Jusqu'ici en séries éliminatoires, Boston a obtenu six buts du joueur de centre de troisième trio Charlie Coyle, trois chacun pour le défenseur Matt Grzelcyk et l'attaquant de troisième ligne Marcus Johansson et deux chacun de la part des attaquants de quatrième trio Sean Kuraly, Joakim Nordstrom et Chris Wagner.

Video: BOS@CBJ, #4: Kuraly double l'avance de Boston en 3e

Ç'a contribué à soutenir l'apport offensif moins surprenant des attaquants Patrice Bergeron (huit buts), Brad Marchand (sept) et David Pastrnak (sept).

Tout ça a aidé Boston à obtenir son billet pour une troisième Finale de la Coupe Stanley depuis que Neely est devenu président des Bruins en 2010. Boston a gagné la Coupe Stanley en 2011 contre les Canucks de Vancouver avant de s'incliner face aux Blackhawks de Chicago en 2013. Au sein de ces équipes, 16 joueurs avaient inscrit au moins un but.

Cinq joueurs de l'édition de 2011 sont toujours avec les Bruins : Bergeron, Marchand, Zdeno Chara, David Krejci et Tuukka Rask.

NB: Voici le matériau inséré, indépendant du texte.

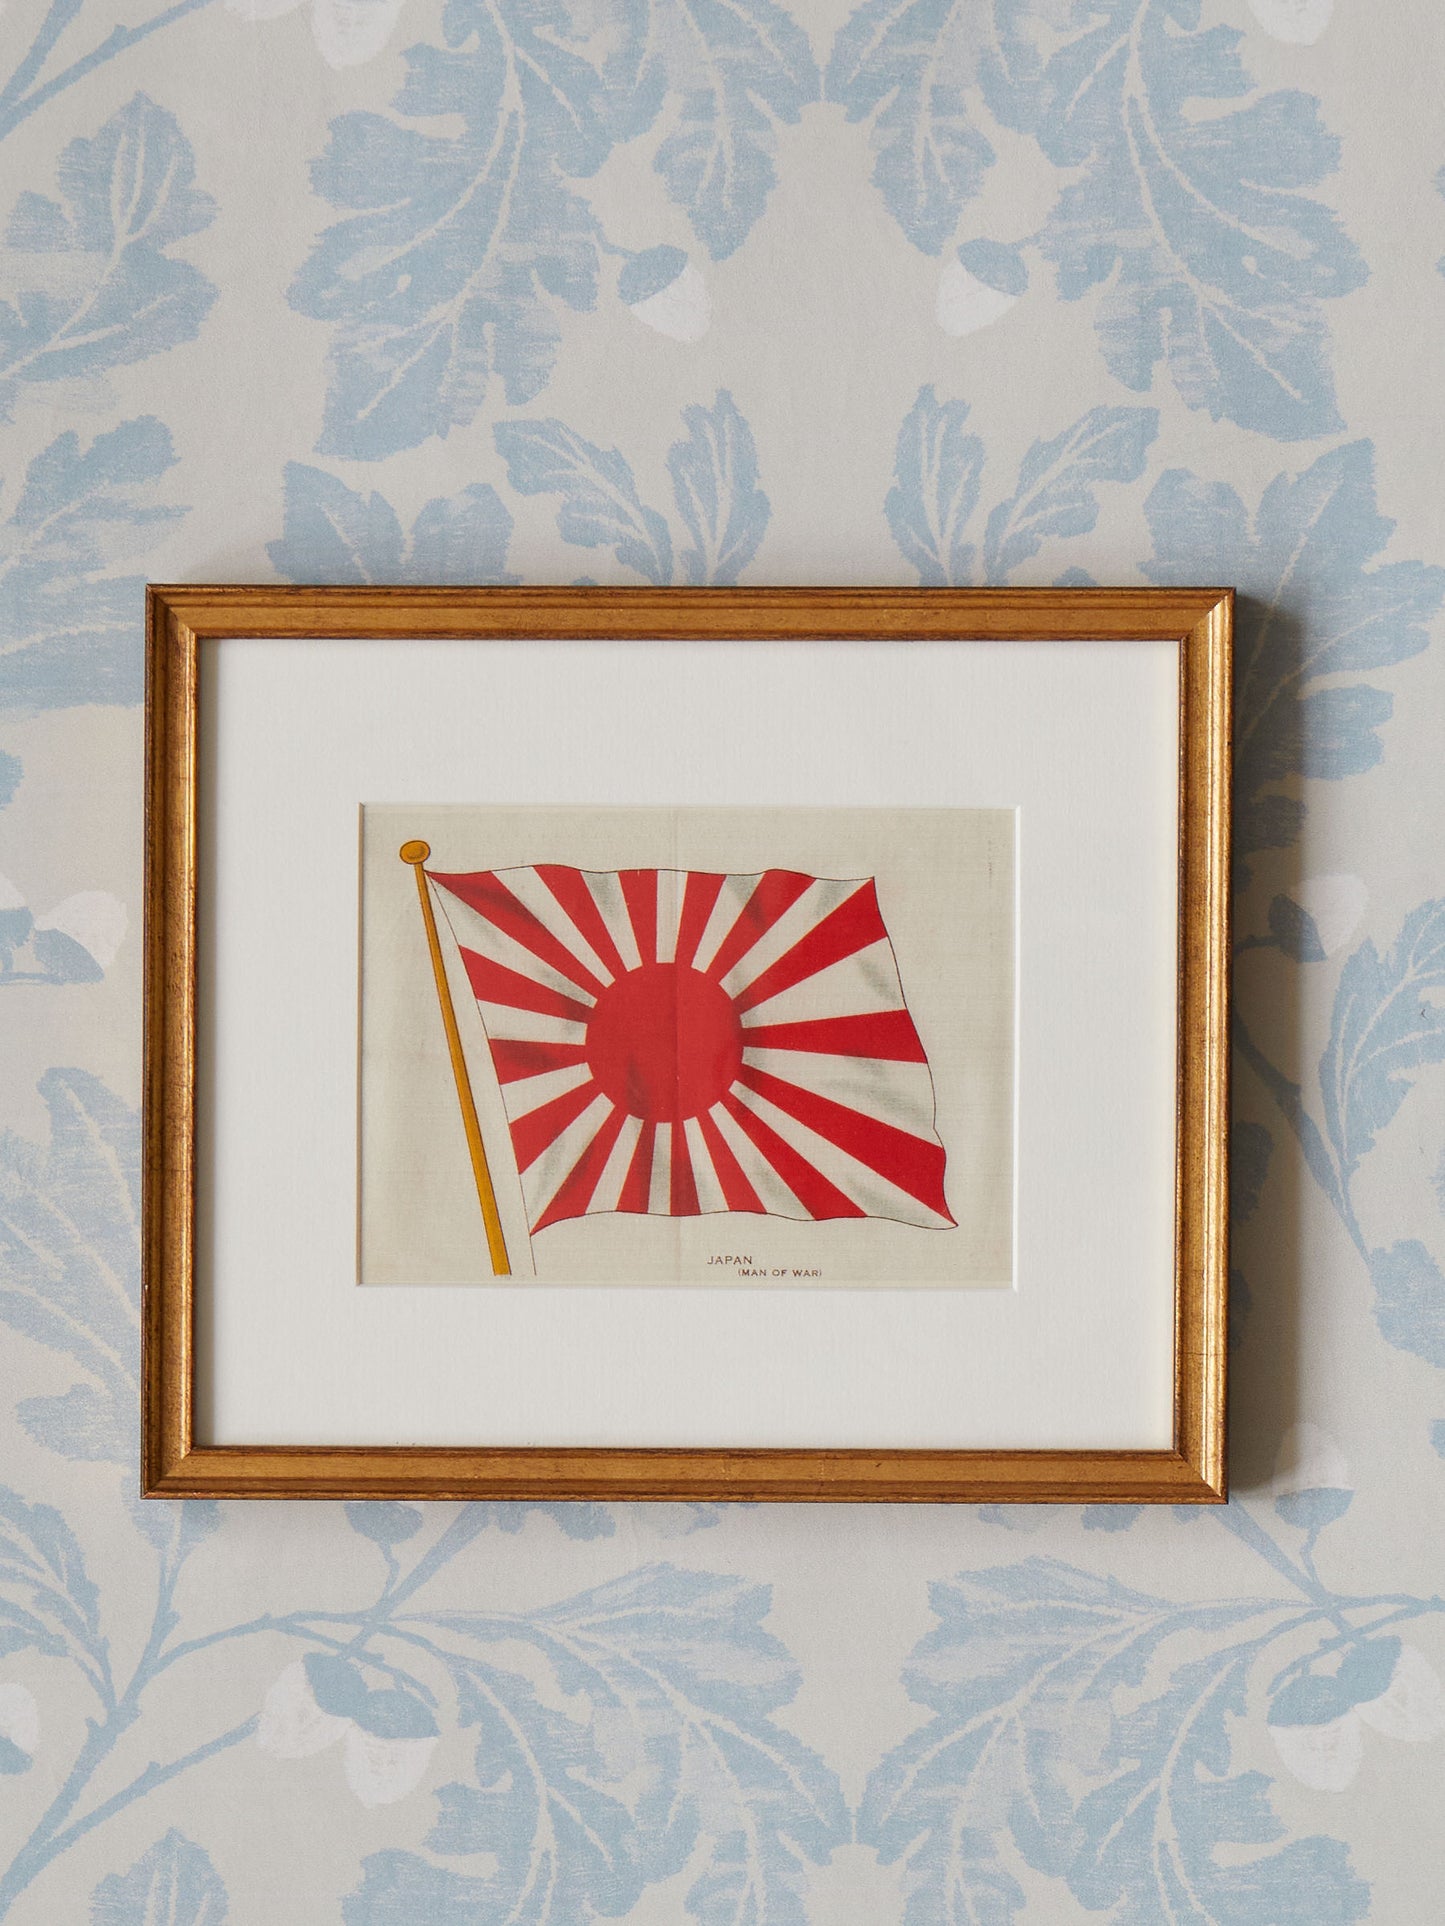 An Early 20th Century Handpainted Silk Flag of Japan

Ces joueurs ont été loyaux envers les Bruins, ils ont fait bonne figure et mérité l'admiration de Neely.

« Évidemment, en étant ici depuis longtemps comme moi, tu apprends à connaître les personnes qui se cachent derrière les joueurs de hockey. C'est un très bon groupe de gars, a affirmé Neely. Leur leadership et leur façon d'avoir pris plusieurs joueurs sous leur aile au fil des années sont impressionnants à mes yeux. »

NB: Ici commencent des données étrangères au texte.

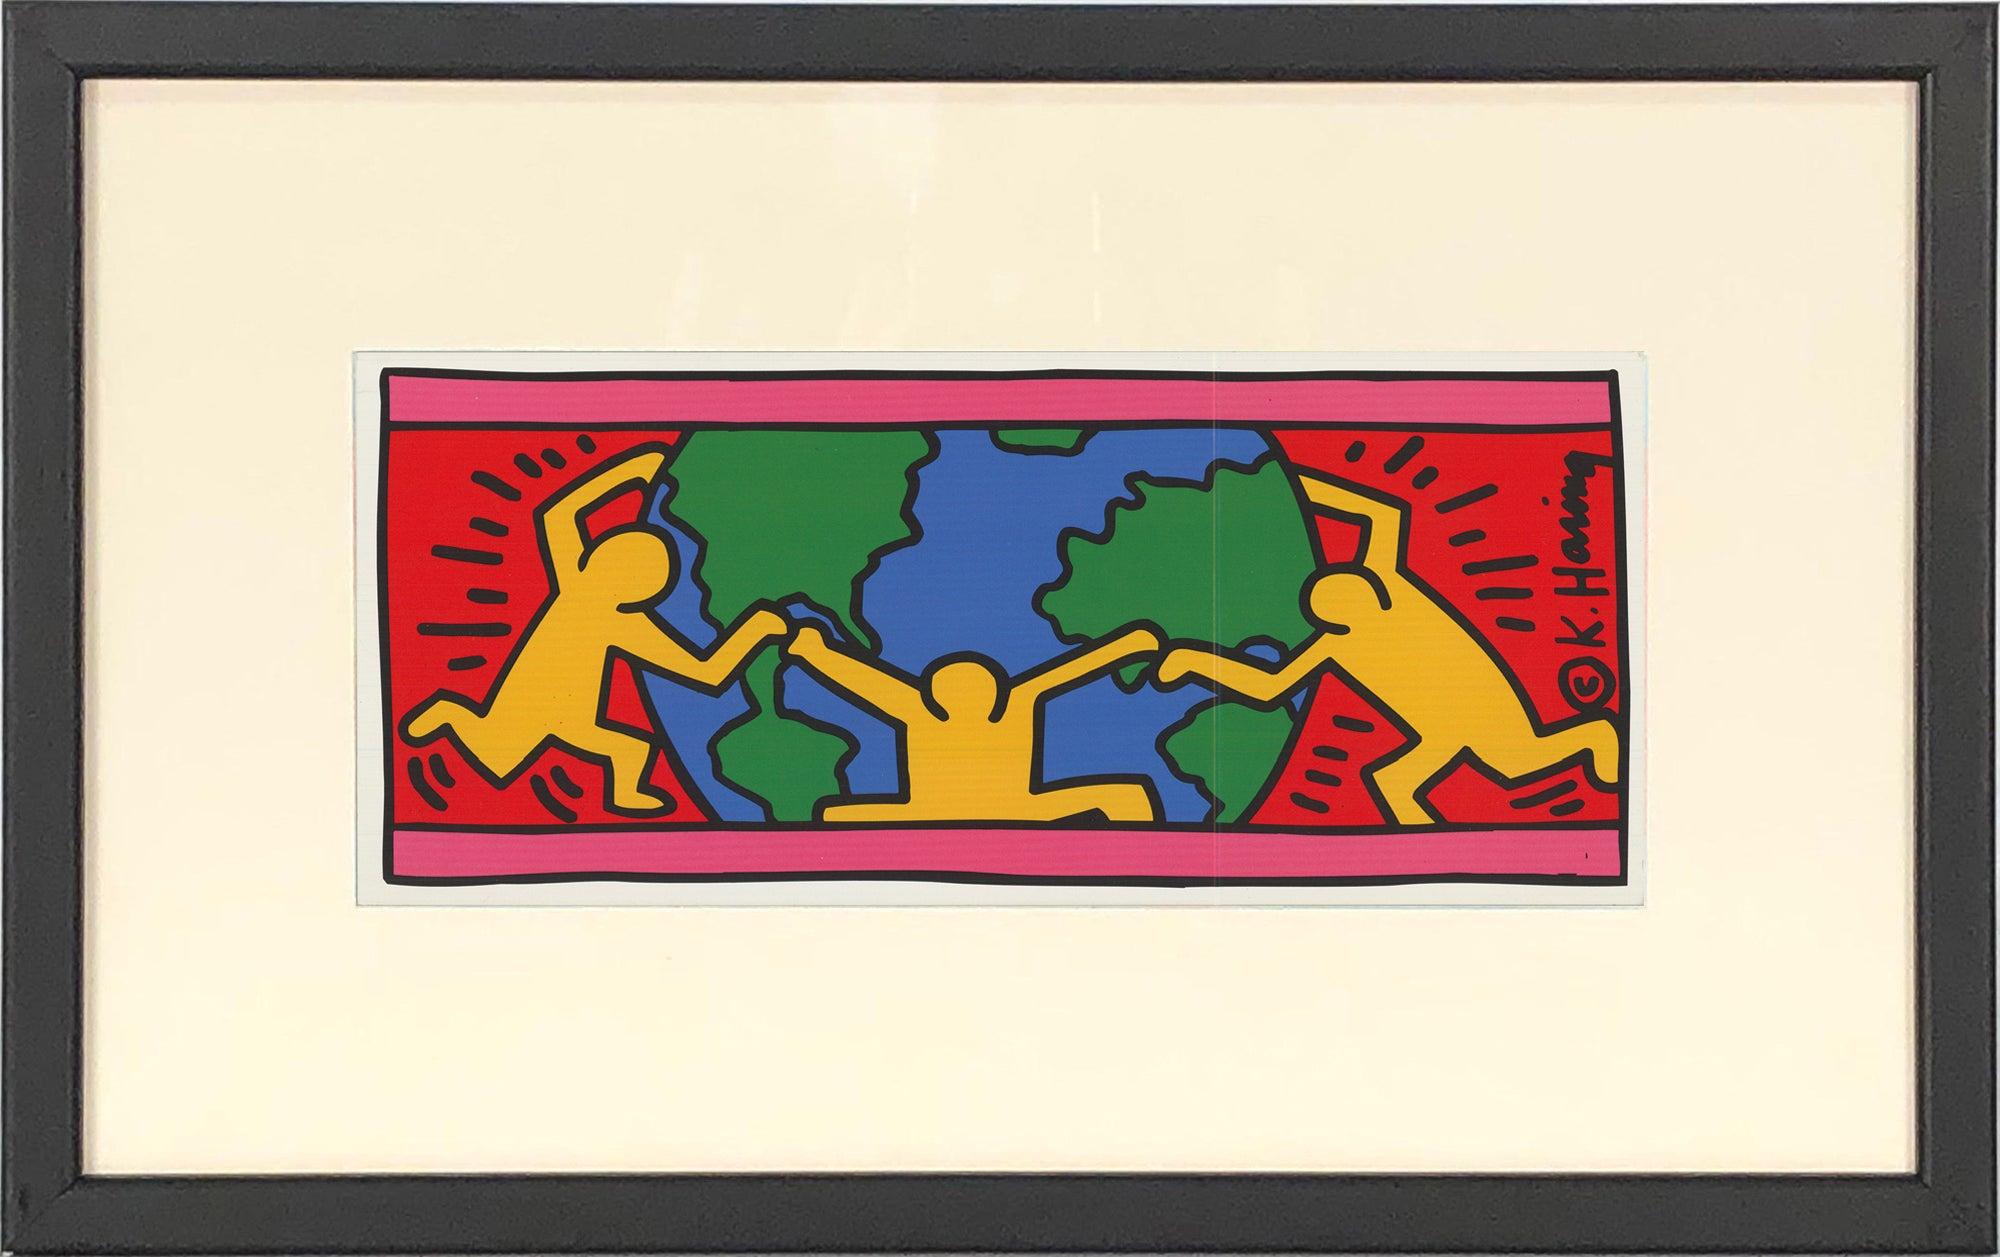 1998 Keith Haring 'World' Pop Art  Framed - Print by (after) Keith Haring

Avec ce noyau comme base, les Bruins ont instauré le genre de chimie que les équipes qui bataillent pour la Coupe développent habituellement, et ça devient utile dans l'adversité ou pour faire face à un défi comme celui de la longue pause que traverse l'équipe actuellement. Neely a indiqué que Boston a fait des efforts pour s'assurer que la bonne attitude soit prônée par toute l'organisation.

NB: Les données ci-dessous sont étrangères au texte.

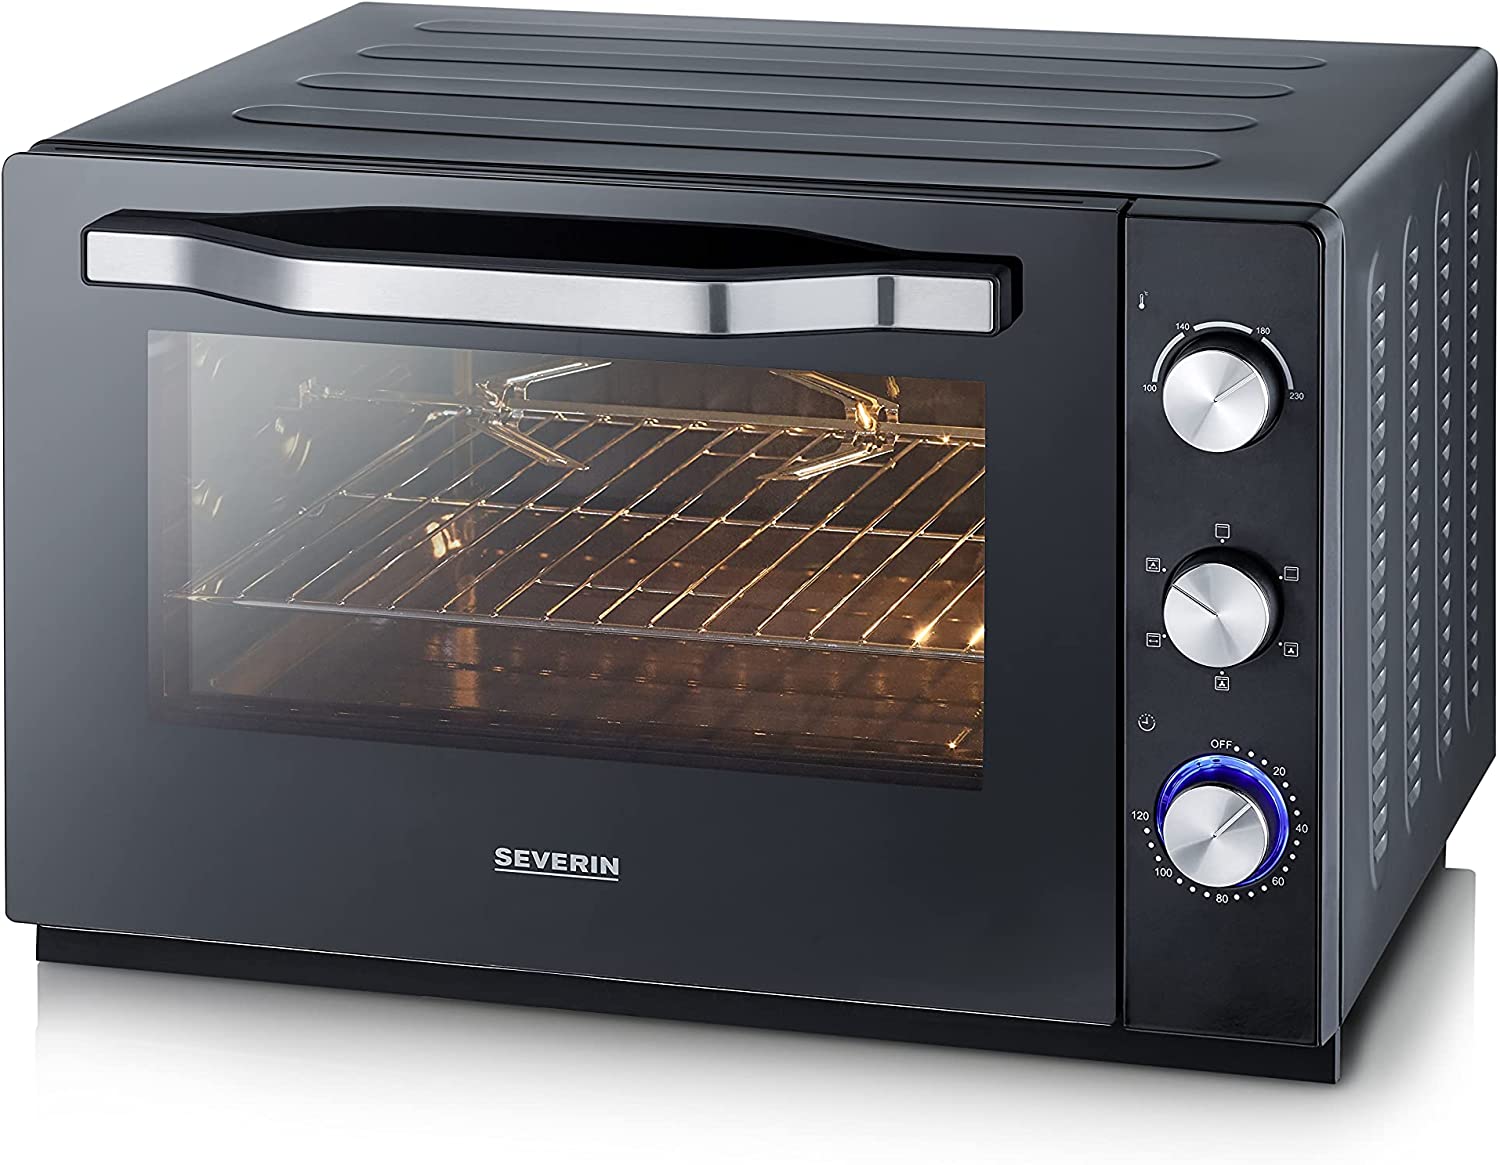 SEVERIN XXL baking and toast oven with convection function, oven with grill rack, baking tray, rotisserie and pizza stone, versatile hot air oven with 60 L capacity, 2,200 W, black, TO 2073

« Ç'a toujours été important pour moi que nous ayons des personnes de qualité. Pas seulement les joueurs, mais les entraîneurs, les thérapeutes et le personnel administratif, a expliqué Neely. Je veux être certain que nous misions sur des personnes de qualité qui se soucient des autres et de leurs succès. Ce n'est pas une mentalité individuelle. Nous poussons tous dans la même direction et de la même façon. »

Video: BOS@CAR, #4: Bergeron complète la passe-et-va en A.N.

Les défaites en 1988 et 1990 ont constitué les seuls passages de Neely en Finale comme joueur. Mais il a la chance d'ajouter une deuxième bague de la Coupe Stanley à sa collection comme dirigeant, un prix de consolation qu'il serait bien heureux d'accepter.

« Si tu ne peux pas la gagner avec des patins, c'est correct de le faire en veston-cravate », a-t-il dit.